Gerhard Mayer, Leiter des Amts für Wohnen und Migration: Es wurden seit Anfang 2022 mehr als 160 Standorte geprüft. Die Regierung von Oberbayern hat der Stadt auferlegt, 5625 Bettplätze zu schaffen – rund 4500 davon für eine langfristige Unterbringung. Dafür seien rund 20 zusätzliche Standorte notwendig. „In Bogenhausen und Freimann gibt’s freie Flächen – natürlich mehr als in der Innenstadt. Es werden keine Container aufgestellt, die Unterkünfte sind Modulbauten, die am Mira­bellenweg in etwa zwei Jahren bezugsfertig sein sollen. Die Situation ist jetzt erst mal so wie sie ist.

Robert Brannekämper, CSU-Landtagsabgeordneter und Fraktionssprecher (Zitate): Danke für die sachliche Diskussion. Die freie Fläche kann nicht der Maßstab für die Verteilung sein. Es gibt keine nachbarschaftliche Rücksichtnahme und kein Vertrauen. Es wurden drei Standorte einfach so ge­nommen, das ist keine Planung. So wie’s gemacht wurde, ist es ein Wunder, dass es so ruhig hier ist bei der BA-Versammlung (Anm. d. Red: Hacker sprach erst später). Es müssen Alternativen ge­funden werden.

Mehr als 150 Bürger protestierten gegen die Massierung von Unterkünften für Geflüchtete in Bogenhausen bei der Mai-Tagung des Bezirksausschusses.     Foto: hgb

Angelika Pilz-Strasser, Grünen-Stadträtin, Ex-BA-Vorsitzende: Die Situation in Johanneskirchen ist uns nicht wurscht. Es wird nicht leicht werden, aber wir schaffen das.

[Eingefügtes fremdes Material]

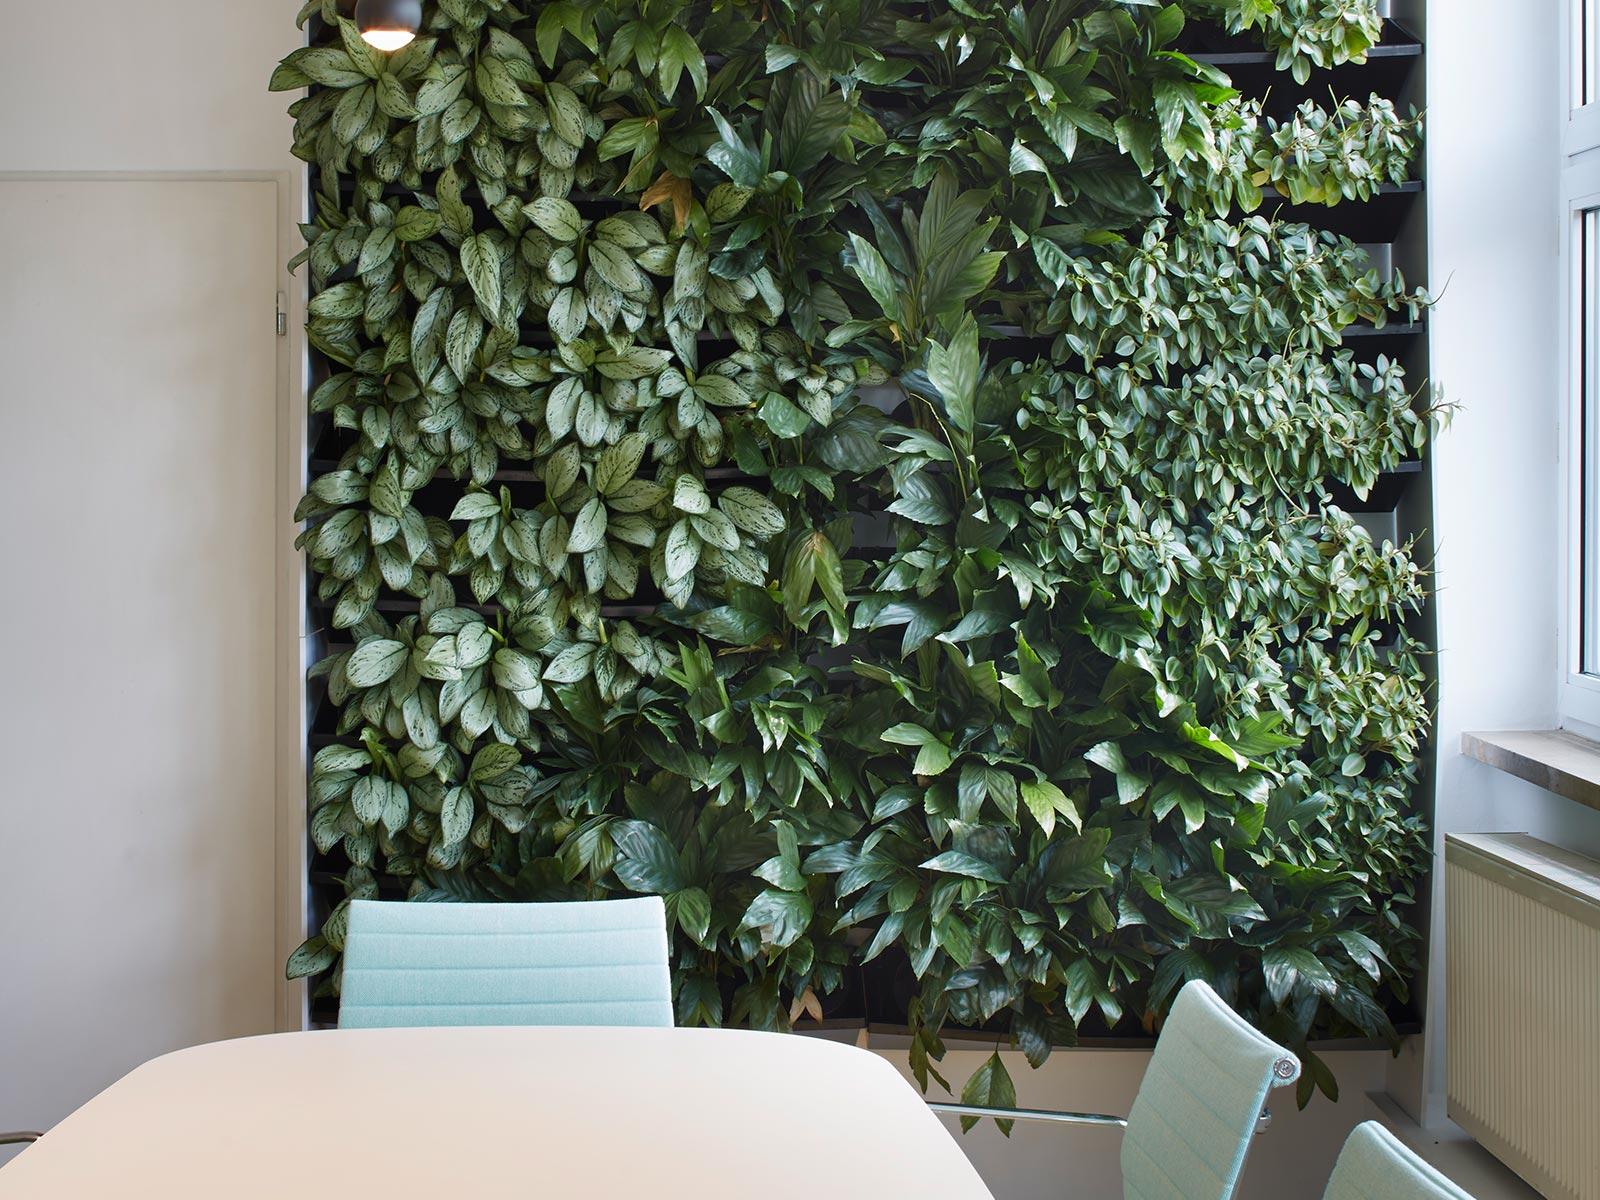 kerl cie frankfurt hydroflora gmbh. Black Bedroom Furniture Sets. Home Design Ideas

Christiane Hacker, SPD: Man muss keine Angst haben vor den Menschen, die zu uns kommen (Antwort auf Mayers Angabe, in der Glückburger Straße würden nur Einzelpersonen einziehen, so­wie Antwort auf die Aussage eines Mannes bezüglich nächtlicher Fahrten seiner Tochter mit dem Bus). Darauf fiel das besagte >Zeichen einer Ausländerfeindlichkeit<.

Mira Schreiber, Stellvertretende Leiterin der Polizeiinspektion 22: Mit den Geflüchteten funktioniert es bislang gut, wir sind mit zwei Kontaktbeamten unterwegs, bisher wurden keine Sexualdelikte ver­zeichnet.

Marko Poggenpohl, SPD: Die meisten Konflikte passieren in den Unterkünften.

Bürgerstimmen: Die Verteilung in München gegenüber Johanneskirchen – das ist eine arglistige Täuschung • Die Politik, nicht wir, muss andere Lösungen finden • Die Integration bei so vielen Leu­ten kann nicht funktionieren, die Flüchtlinge werden zusammengepfercht, es entsteht ein Ghetto, wie sollen die dann die Sprache lernen? • Suchen Sie (Anm. d. Red.: Mayer) doch mal Flächen im Süden und bei den Großkopferten in der Mauerkircher Straße.